▶ Provided data
Content starts
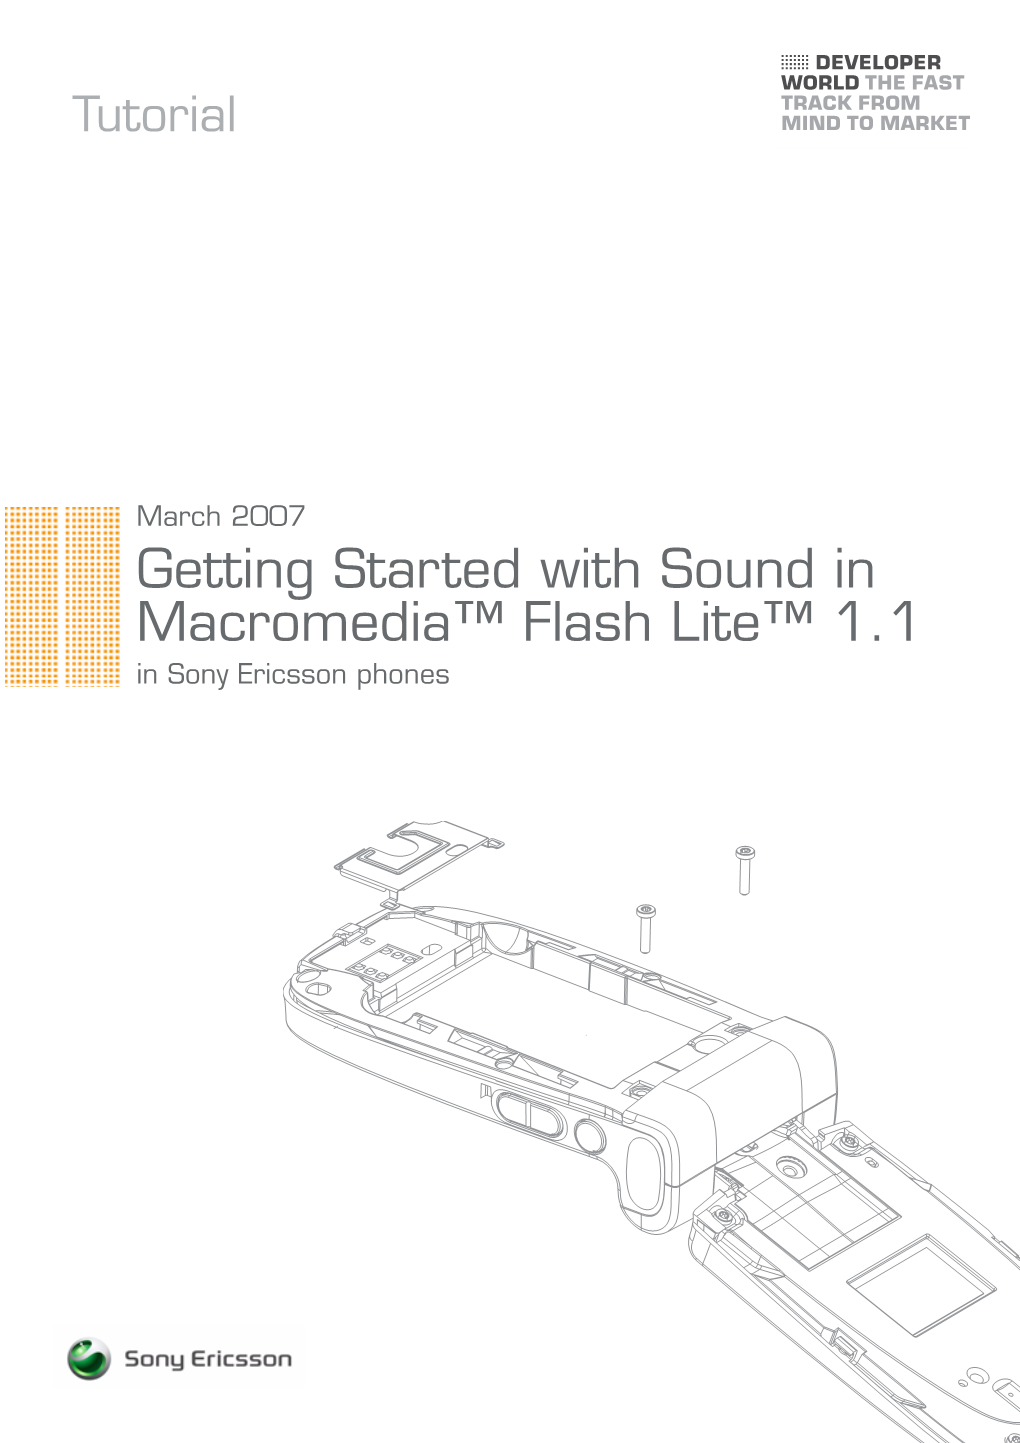 Getting Started with Sound in Macromedia™ Flash Lite™ 1.1 in Sony Ericsson Phones Tutorial | Getting Started with Sound in Macromedia™ Flash Lite™ 1.1
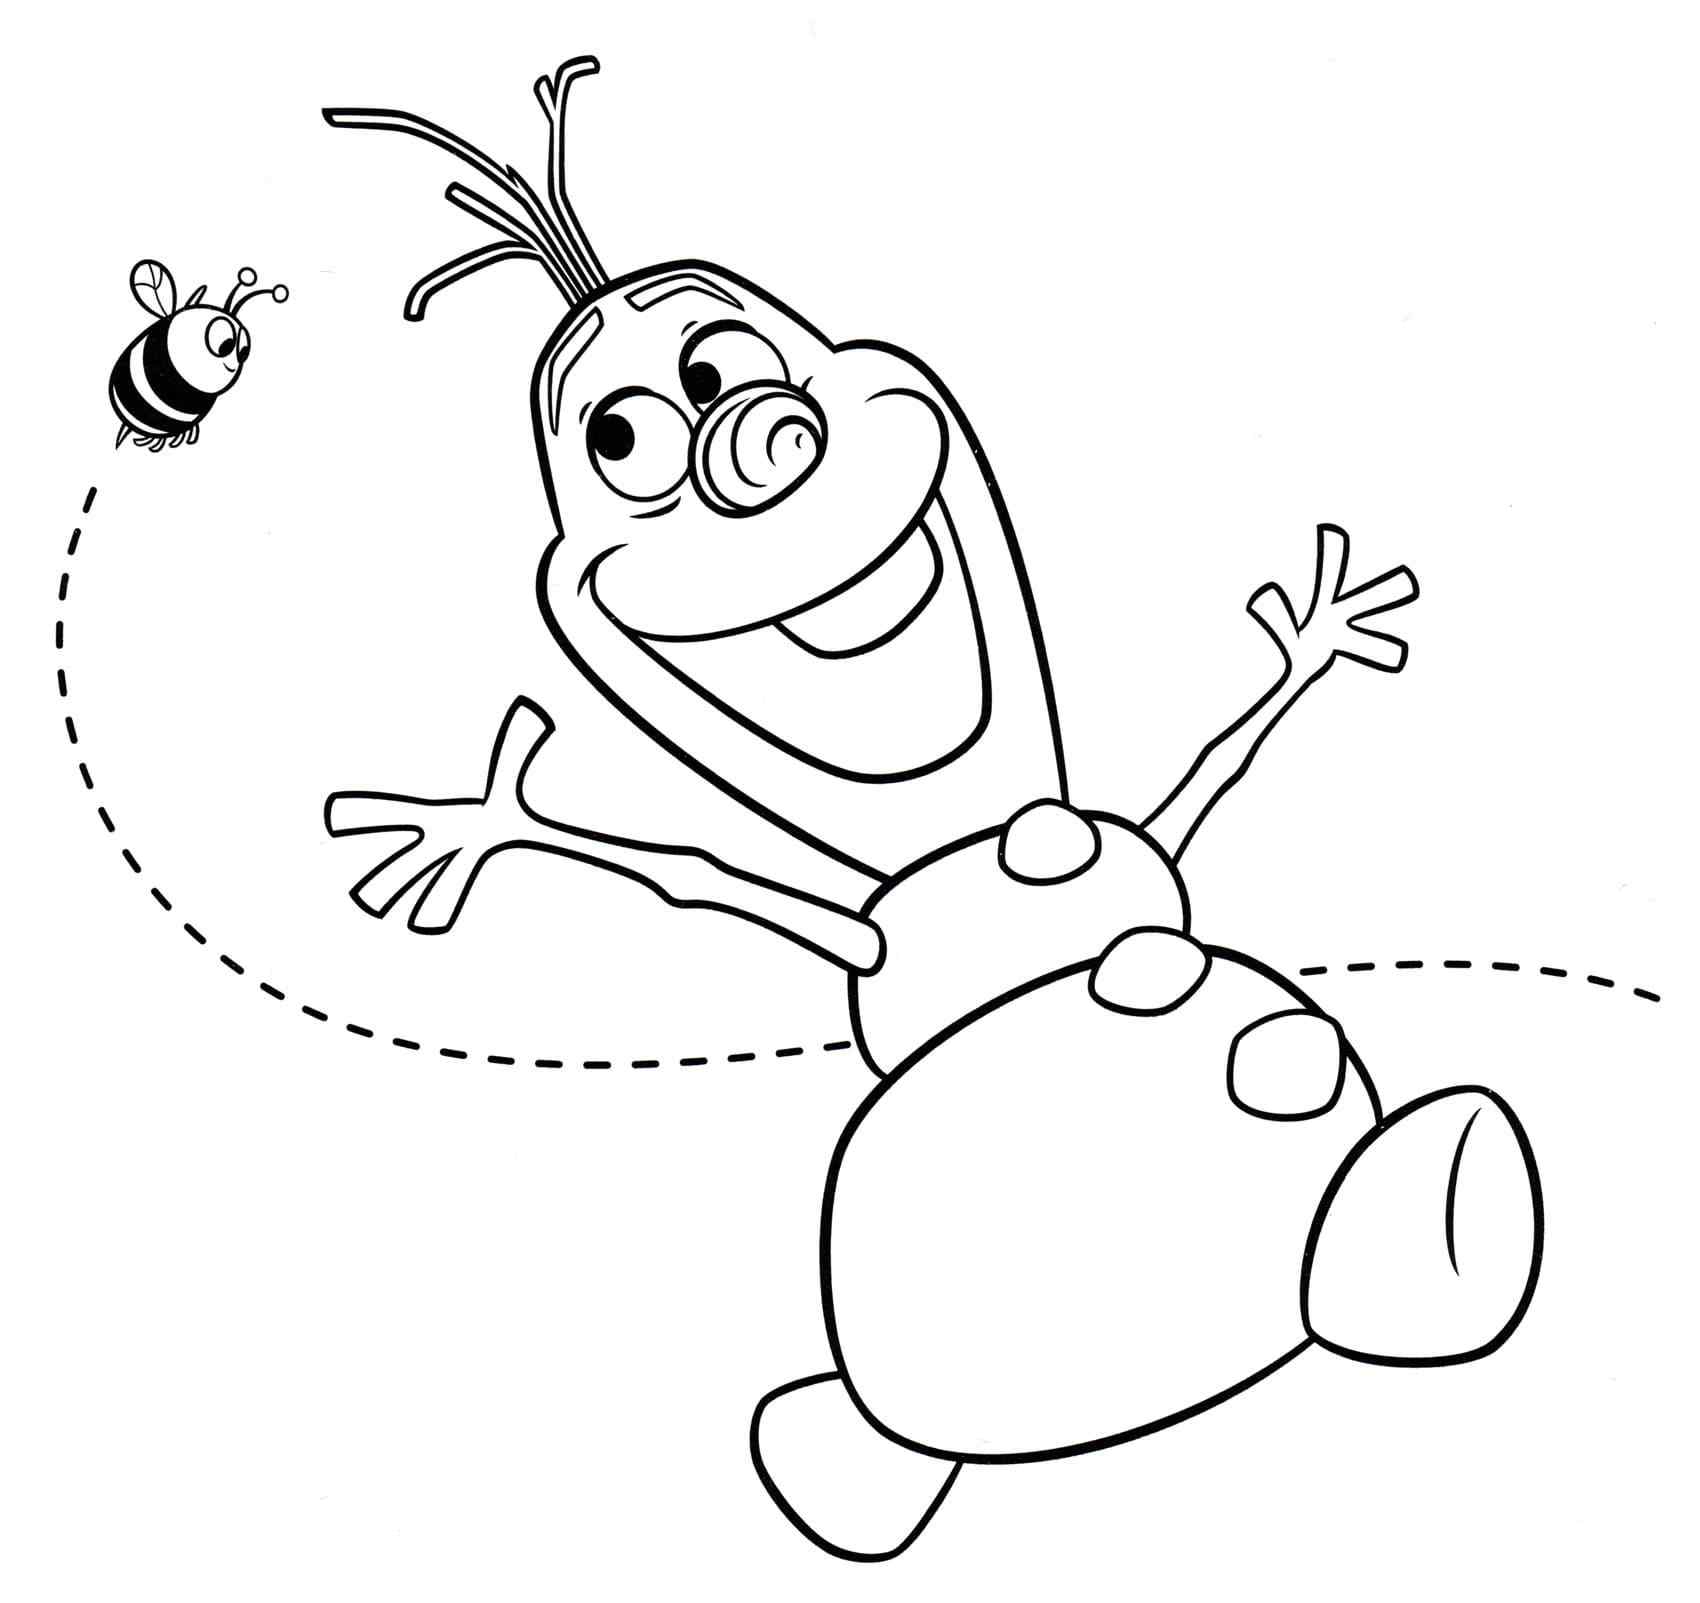 Snowman Playing With A Bee Coloring Page
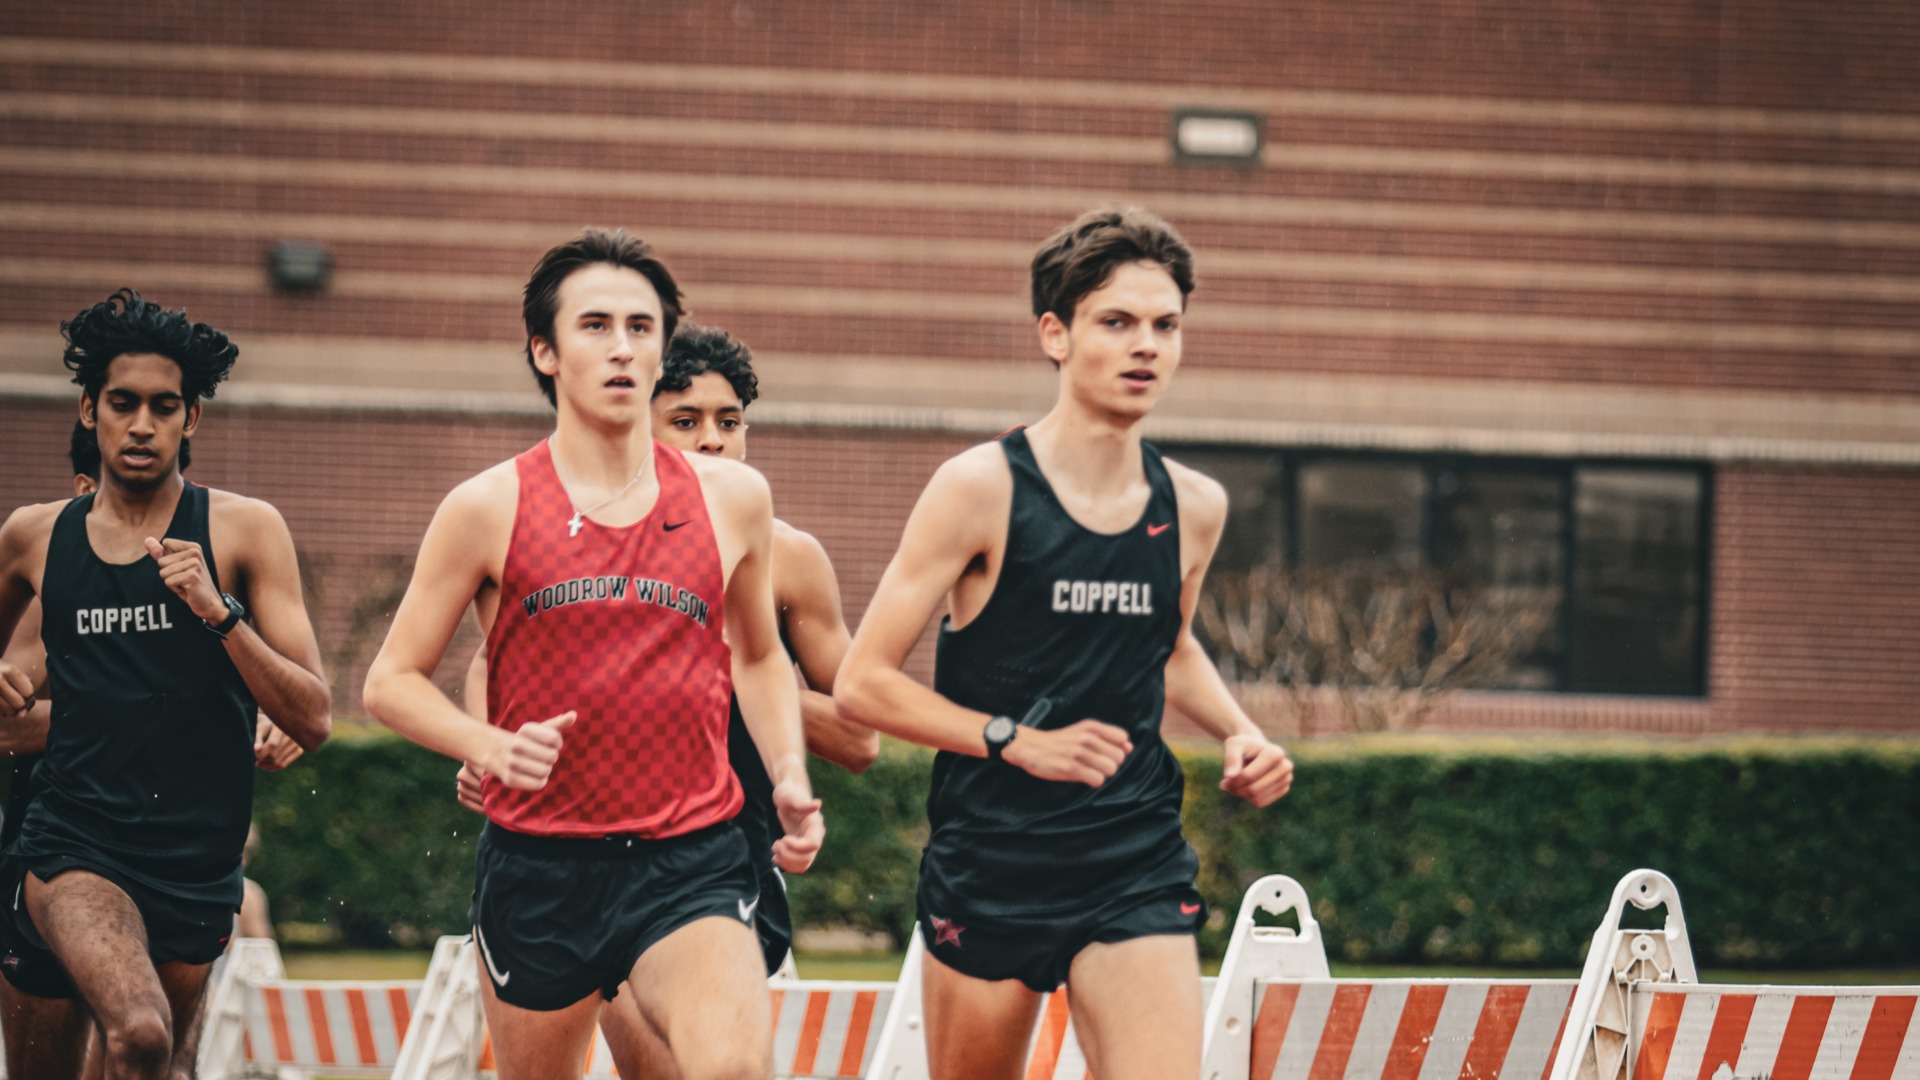 Coppell High SchoolSlide 7 - BOYS TRACK HEADED TO REGIONALS
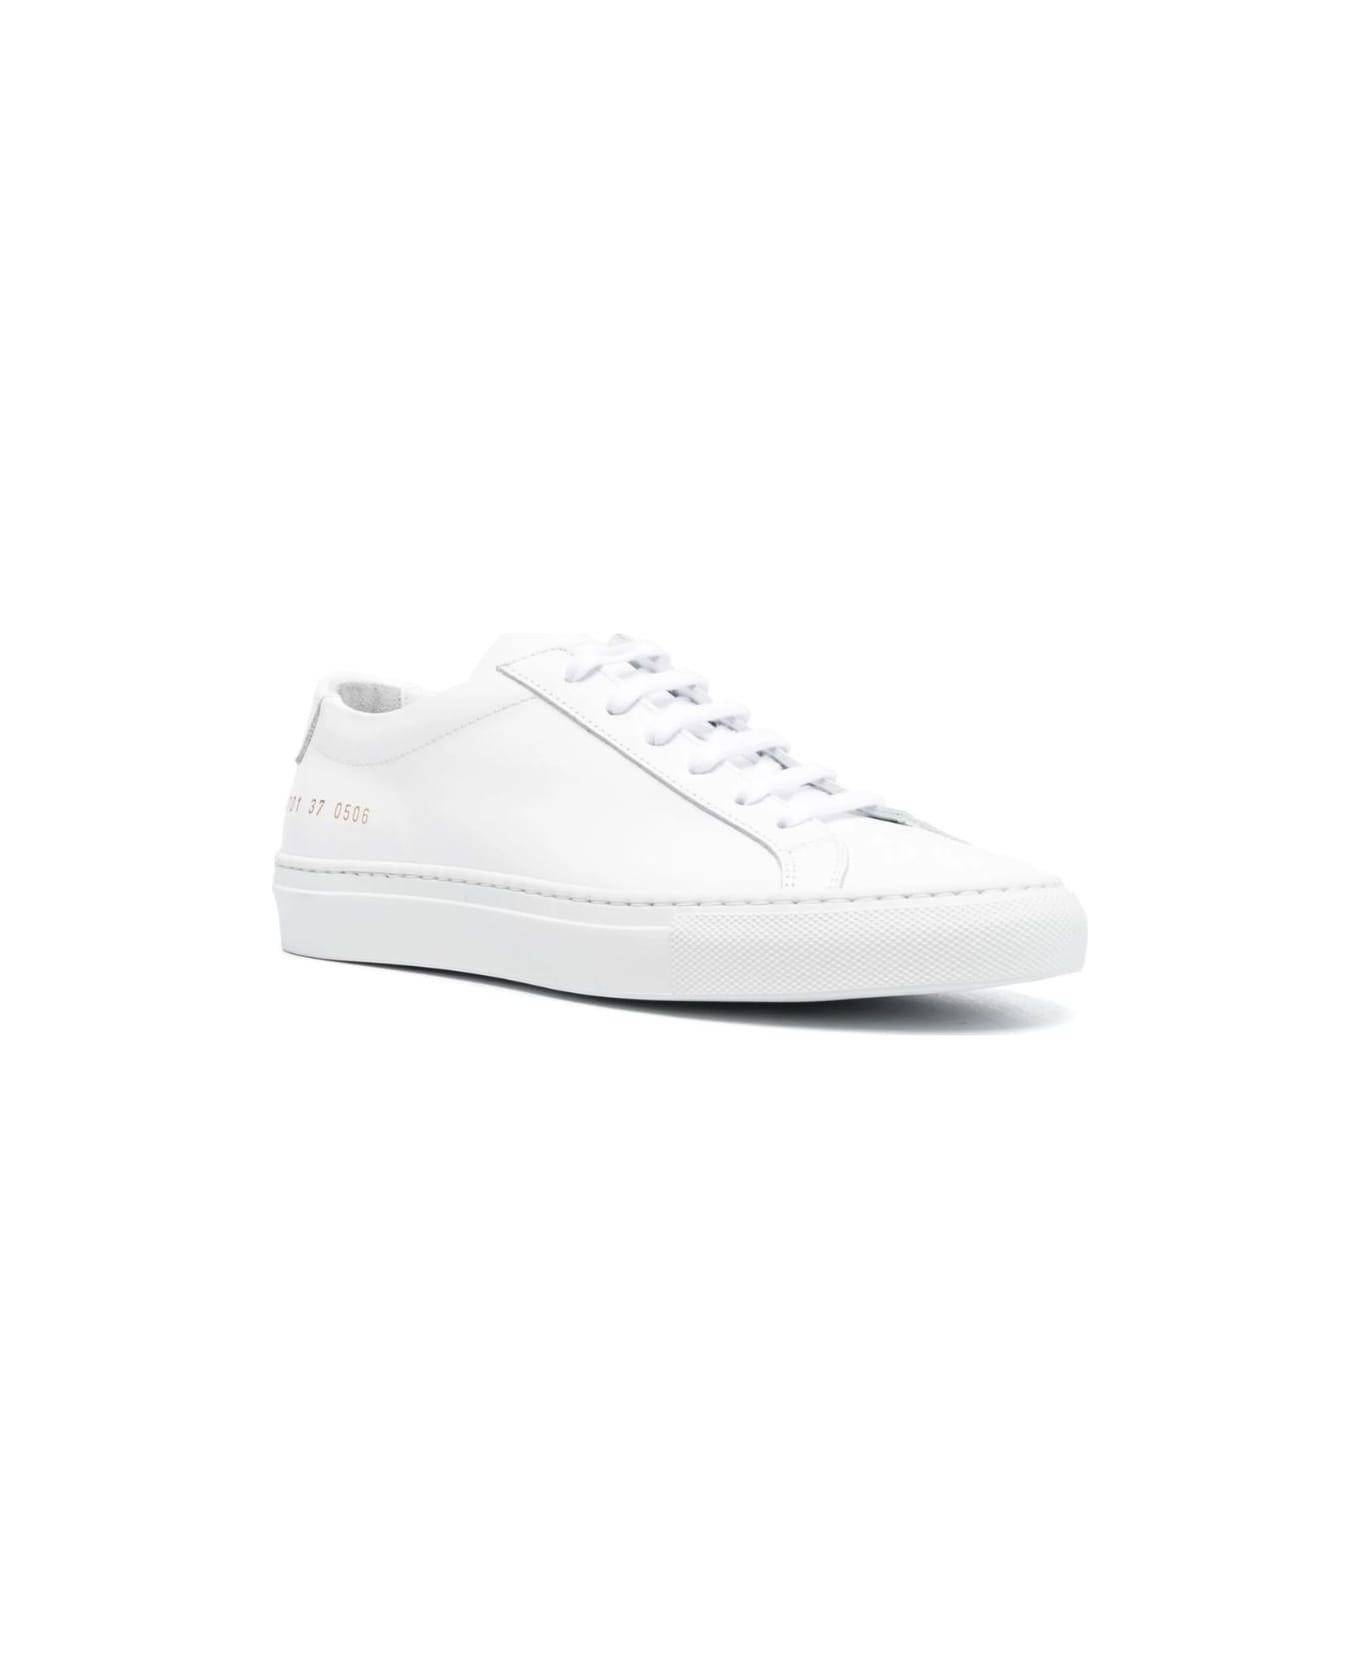 Common Projects Original Achilles Low Sneaker - White スニーカー
Content ends
▶ What needs to be done
Could you transcribe exactly the lines running from the one with "Coppell High SchoolSlide" to the final line of the material above, both included, with no pictures?

▶ Task response
 Coppell High SchoolSlide 7 - BOYS TRACK HEADED TO REGIONALS
 Common Projects Original Achilles Low Sneaker - White スニーカー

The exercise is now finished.